Billerbeck
Ein Spiel fast ohne Fußball

Billerbeck. Einfach fiel es Yannick Gieseler nicht, das Fußballspiel zu analysieren. „Weil ich keines gesehen habe“, nahm er kein Blatt vor den Mund. „Das hier hatte jedenfalls mit Fußball nichts zu tun.“ Die äußeren Umstände mit dem Dauerregen, ein Kunstrasen in der Größe eines Soccer-Käfigs, ein Gegner mit einer unkonventionellen Spielweise und seine eigene Mannschaft, die überhaupt keinen Zugang zu dieser Partie fand – all das führte unter dem Strich dazu, dass der VfL Billerbeck bei der 0:3-Niederlage in Merfeld zu keiner Zeit einen Fuß auf die Erde bekam.

Montag, 21.10.2019, 10:20 Uhr
Billerbeck: Ein Spiel fast ohne Fußball
Viel zu selten kamen die Billerbecker in die Position, zielstrebig das Merfelder Tor ins Visier zu nehmen – auch Leon Holtmann (Mitte) scheitert in dieser Szene. Fotos: fw Foto: az

Die möglicherweise spielentscheidende Szene ereignete sich schon zehn Minuten vor dem Anpfiff, als Schiri Alexander Wensing die Partie kurzerhand auf den Kunstrasen verlegte, der in Merfeld gefühlt nur halb so groß wie das Naturrasenfeld ist. „Das war aber völlig in Ordnung so“, betonte Gieseler. „Auf dem Rasen hättest du nur schwimmen können.“ Der Spielweise der Gastgeber kam das dennoch entgegen, denn sie verzichteten größtenteils auf den künstlerischen Teil, sondern setzten auf lange Bälle in die Spitze und ihre ausgeprägte Zweikampfstärke. Das behagte den Billerbeckern gar nicht. „Die Jungs standen hier permanent unter Druck, weil die Gegenspieler immer direkt da waren“, stellte der Trainer fest. Und wenn sie es mal mit Kombinationen probierten, war in schöner Regelmäßigkeit plötzlich das Feld zu Ende. „Unsere Niederlage brauchen wir aber nicht allein auf den kleinen Kunstrasen zurückführen“, gab Gieseler ehrlich zu. „Mit dieser Leistung hätten wir überall verloren.“

Schon in der elften Minute nahm das Unheil seinen Lauf.
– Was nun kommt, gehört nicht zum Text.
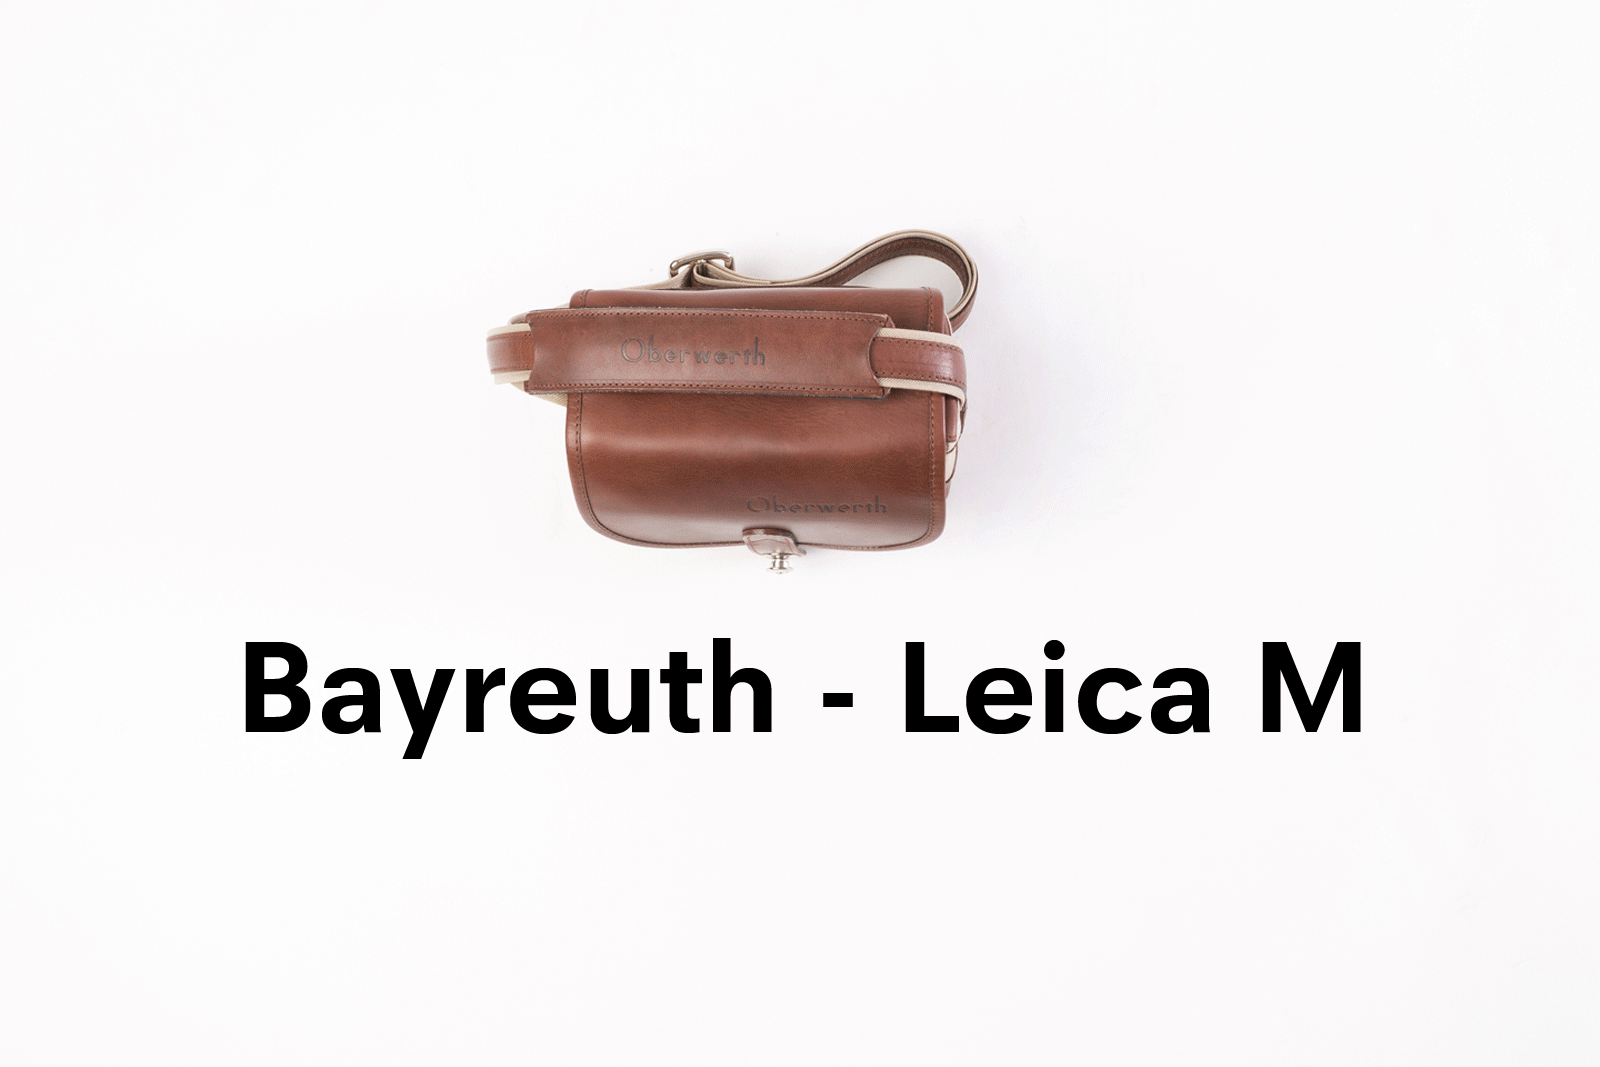 Camera bag BAYREUTH full leather

Über die Ex-Coesfelder Jan Kersen und Jan Philip Tüns kam der Ball in den Strafraum der Billerbecker, wo Marc Perick zum Schuss kam und flach zum 1:0 ins lange Eck verwandelte. In der Folge ergaben sich ausschließlich Chancen für die Gastgeber – immer wieder aus den Einwürfen von Jan Kersen. „Davon sind gefühlt 20 durch unseren Strafraum geflogen“, staunte Gieseler. Marc Perick zielte per Kopf knapp vorbei (17.), und Julian Muddemann scheiterte freistehend an einer starken Fußabwehr von VfL-Torwart Leon Friedrich (21.). Der musste in der 44. Minute hinter sich greifen, als Jan Kersen nach einer zu kurzen Abwehr der Billerbecker einfach draufhielt und fast mittig zum 2:0 traf.

Mit Leon Holtmann (31.). sowie Leon Zeug und Robin Roxin hatte Yannick Gieseler sein Wechselkontingent schon zur Pause erschöpft. Die Hoffnung auf eine mögliche Wende war aber nach nicht einmal zwei Minuten in der zweiten Halbzeit dahin, als Fabian Autermann per Kopf traf – natürlich nach Einwurf von Jan Kersen. Bei diesem klaren 3:0 blieb es bis zum Ende, auch weil Leon Zeug nach einem Tüns-Solo vor der eigenen Torlinie klärte (77.). Nix war’s für den VfL, und der Eindruck des Trainers passte zum Wetter: „Das war das schlechteste Bezirksliga-Spiel, das ich je gesehen habe.“ 7 SF Merfeld – VfL Billerbeck 3:0; Tore: 1:0 Marc Perick (11.), 2:0 Jan Kersen (44.), 3:0 Fabian Autermann (47.).